![[] blocks w eye, colored 2, cropped](https://monkeytraps.files.wordpress.com/2012/03/blocks-w-eye-colored-2-cropped.png?w=343&h=281)
(Steve speaking:)
Not long ago a new Monkeytraps reader sent me an email asking, “So where did Bert come from, anyway?”
I took that as an invitation to repost Bert’s story of his own birth, which originally appeared here in 2011 in two parts under the clever title “Bert’s born.”
It’s a little long. But Bert likes to tell it because, well, it’s about him. And as we say, scratch a codependent, find a narcissist.
*
Steve was born in 1950.
Me, I’ve no idea when I was born. I do, however, remember my first public appearance.
It was on Steve’s first day of kindergarten.
Actually no, it was Visiting Day, the spring before kindergarten started, when kids visited for half a day to get their first taste of public education.
Steve has vague memories of the classroom — bright banks of windows, colored plastic chairs, fingerpaintings on a corkboard, voices rattling off the walls — but no clear memory of how he felt. Not hard to deduce, though, given what happened.
He panicked.
Walked in, froze up. Stood rooted to the tile floor like a stump in a stream, while the other kids bustled and flowed around him.

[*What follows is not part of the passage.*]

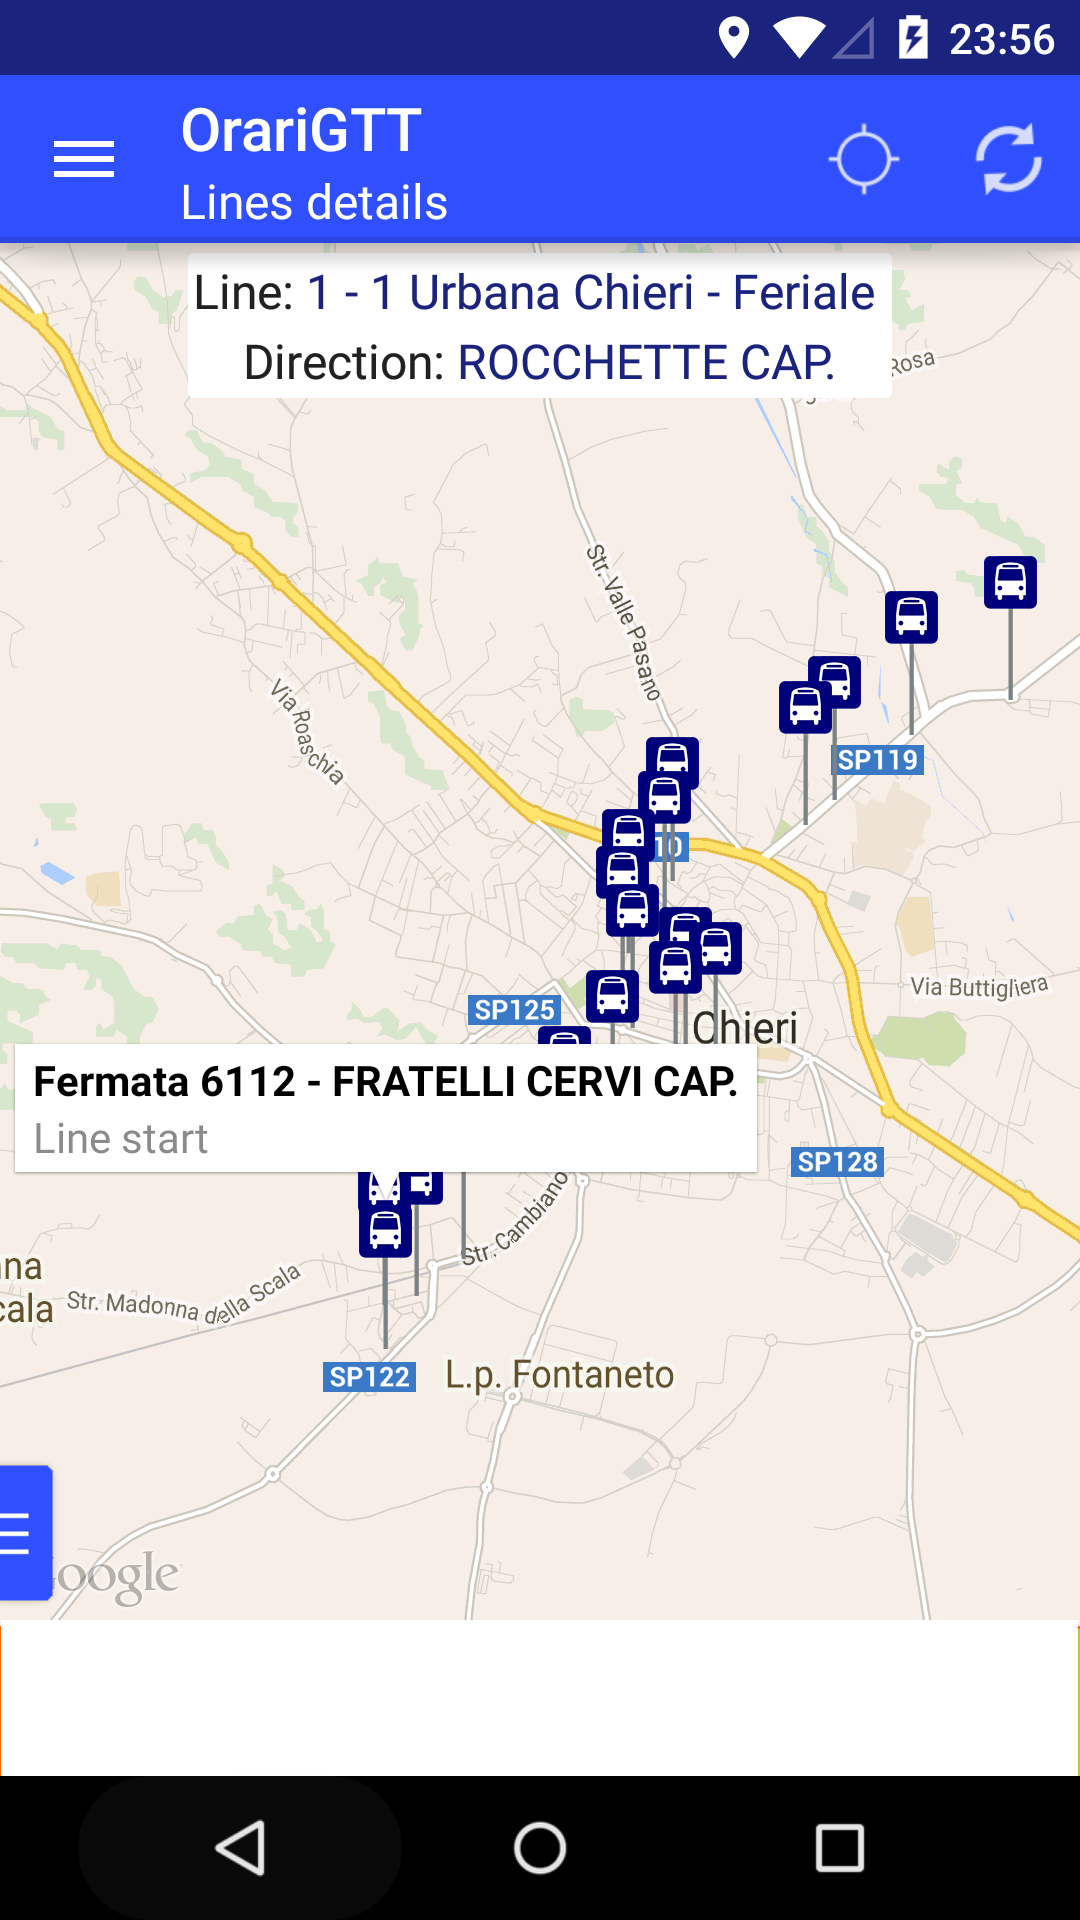 Orari GTT - Turin Transport: Amazon.de: Apps für Android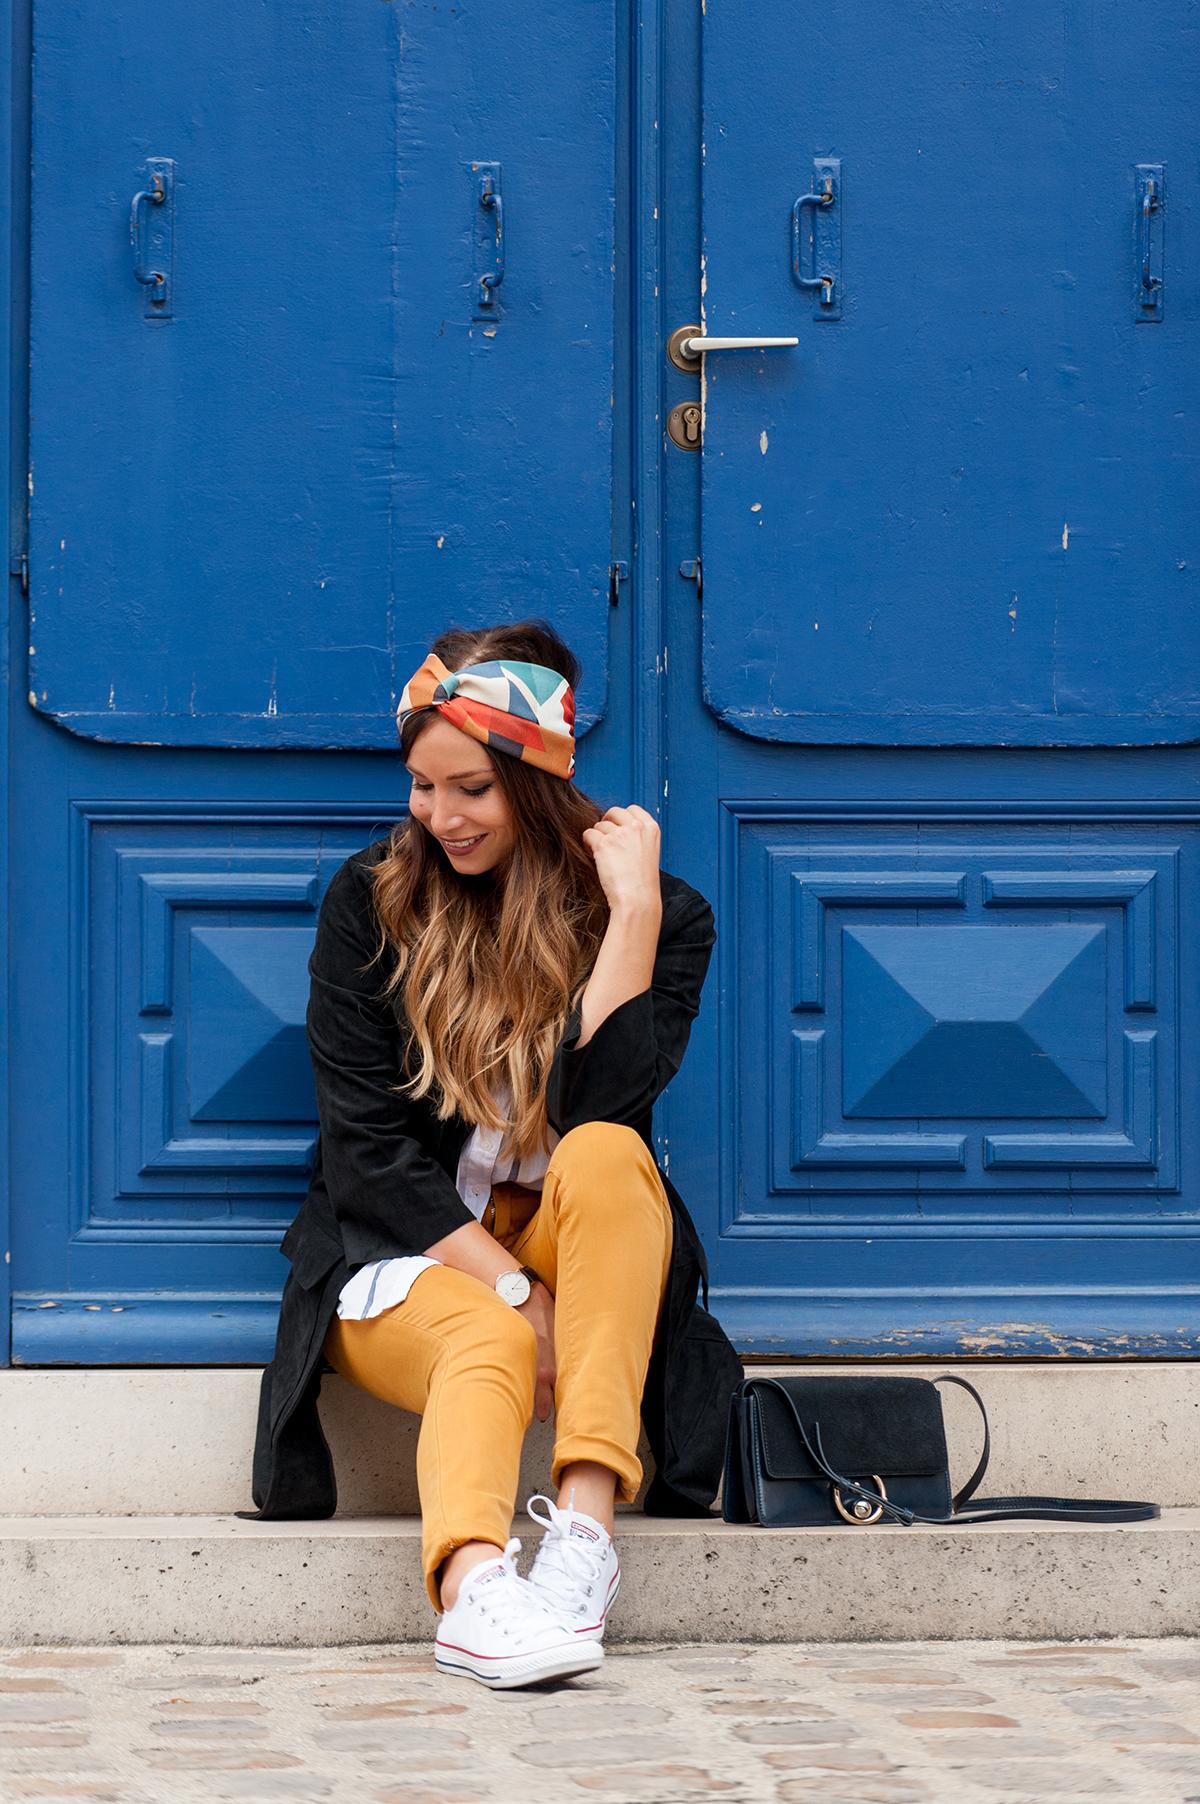 blue door fashion blog

After a few moments the teacher called the kids over to her desk, and they clumped and moved obediently in that direction. Except Steve, who stayed rooted.
He was shy kid, inexperienced, insecure, especially in new situations. This was certainly one of those, and he found himself flooded with feelings he had not expected and could not begin to control.
At which point, Ta Da, I took over.
“Go to the corner,” I whispered.
He did.
Piled there beside the coat rack was a stack of oversized building blocks, hollow wooden cubes painted bright colors.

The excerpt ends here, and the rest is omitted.